Let’s be honest, prior to the pandemic, we already had so much to do. Each day meant walking into a very long laundry list of responsibilities, stressors, and tasks. We turned in lesson plans, aligned activities to assessments, graded them in a timely manner and recorded and reported student progress. We varied our methods to provide for different learning styles and individual differences.
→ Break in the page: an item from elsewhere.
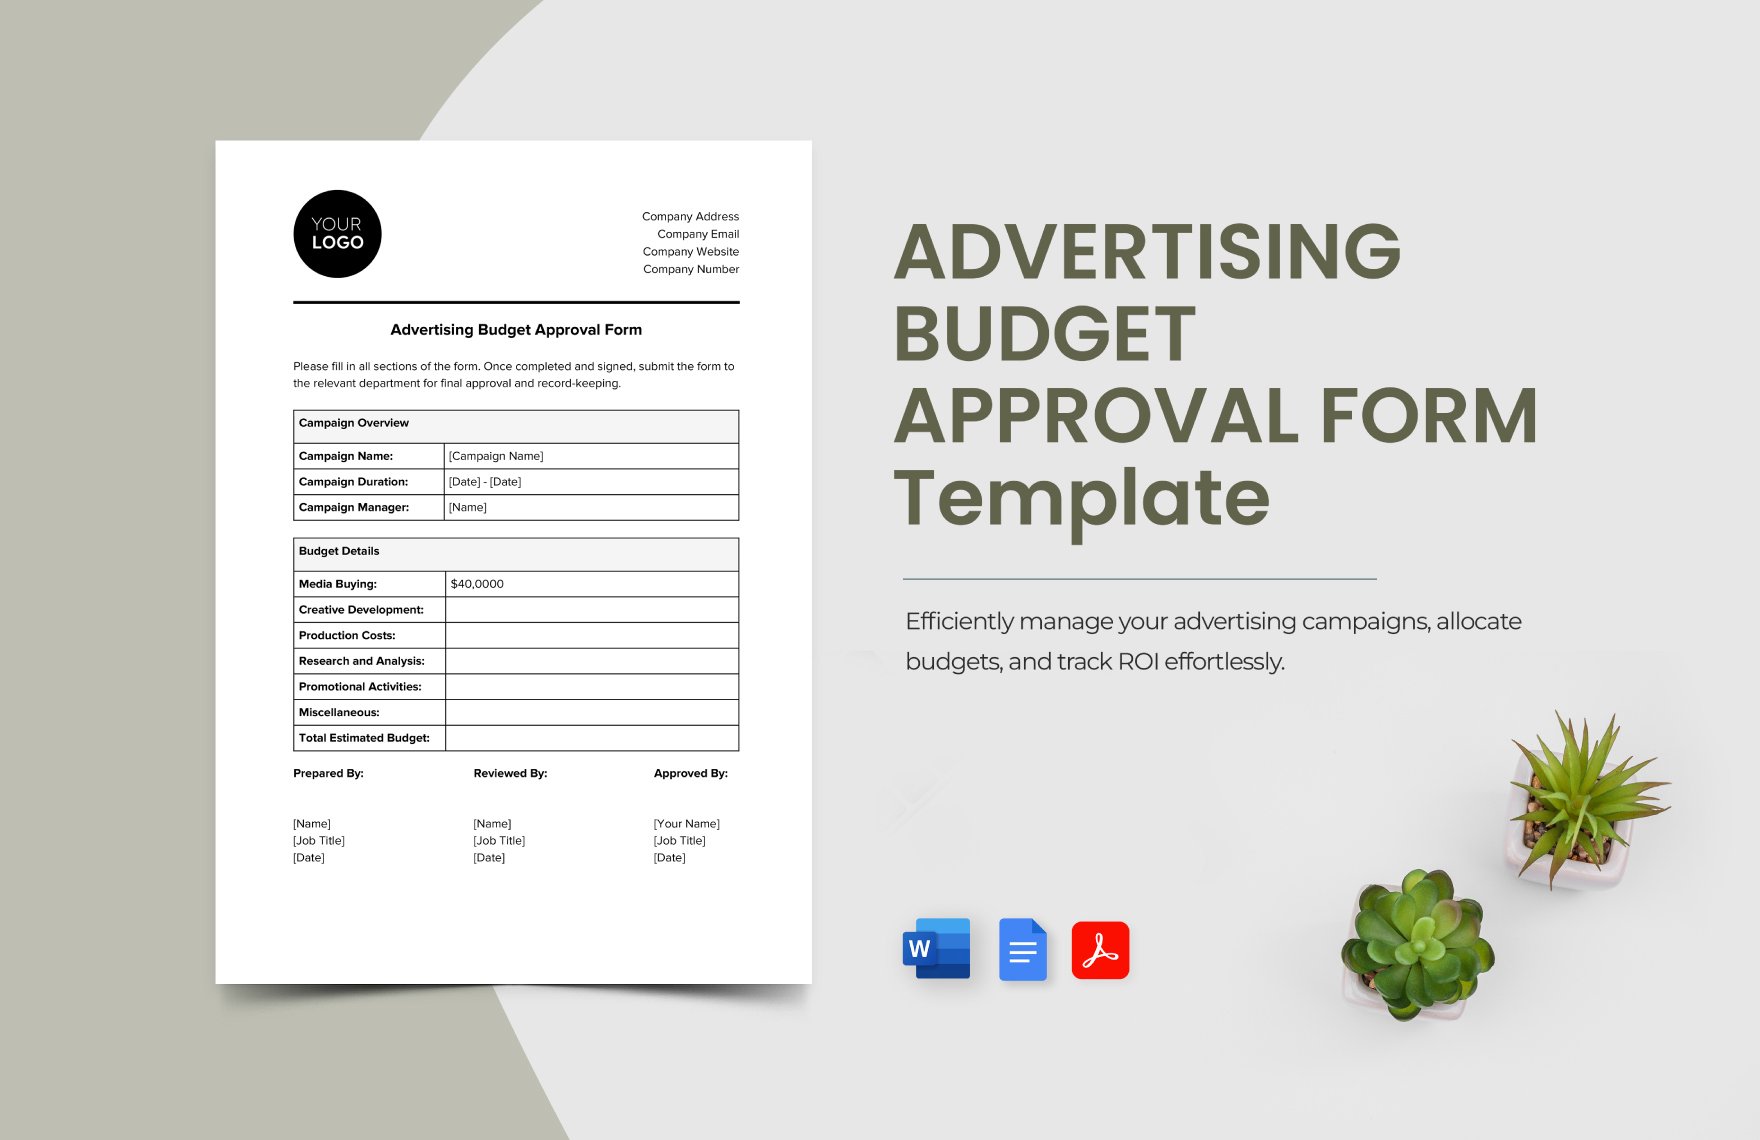 Advertising Budget Approval Form Template in Word, Google Docs, PDF

We questioned ourselves: Are my students on target? Am I doing the best job that I can to get them to understanding? Am I doing a good job of balancing our standards and their needs? We maintained communication and relationships with students, parents, and other educators and maximized them for achievement. We ate lunch in 87 seconds flat. We never peed. And we did all of this in a professional environment that demands too much, pays too little, and expects miracles. And we rocked it.

In this unprecedented time of quarantine, we still have all of those same worries and responsibilities, plus an extra layer of pressure that actually multiplies the initial stresses. On top of everything else, we’re now dwelling on factors we cannot control. Do my students have what they need to do their work? Are they safe? Are they doing everything they can to stay healthy? Do they have enough to eat? Are they in loving homes where parents won’t take out their stresses on their children? Are parents or loving guardians even there? Ideas that used to be fleeting thoughts, because we always had them for 8 hours a day, are now all-consuming thoughts because we have zero control over our kids’ daily lives. Suddenly we have the cumulative effect of personal worry, external worry, and pandemic worry. And we have it all at once.

Have you ever seen one of those juggling unicyclists? You know, that guy at the circus who pedals around on a one-wheeled vehicle and throws balls in the air and manages to keep the objects moving without having them crash into his face and without wrecking into the wall? That’s what teaching during this pandemic feels like. Everything is happening all at once, and nothing can drop or crash.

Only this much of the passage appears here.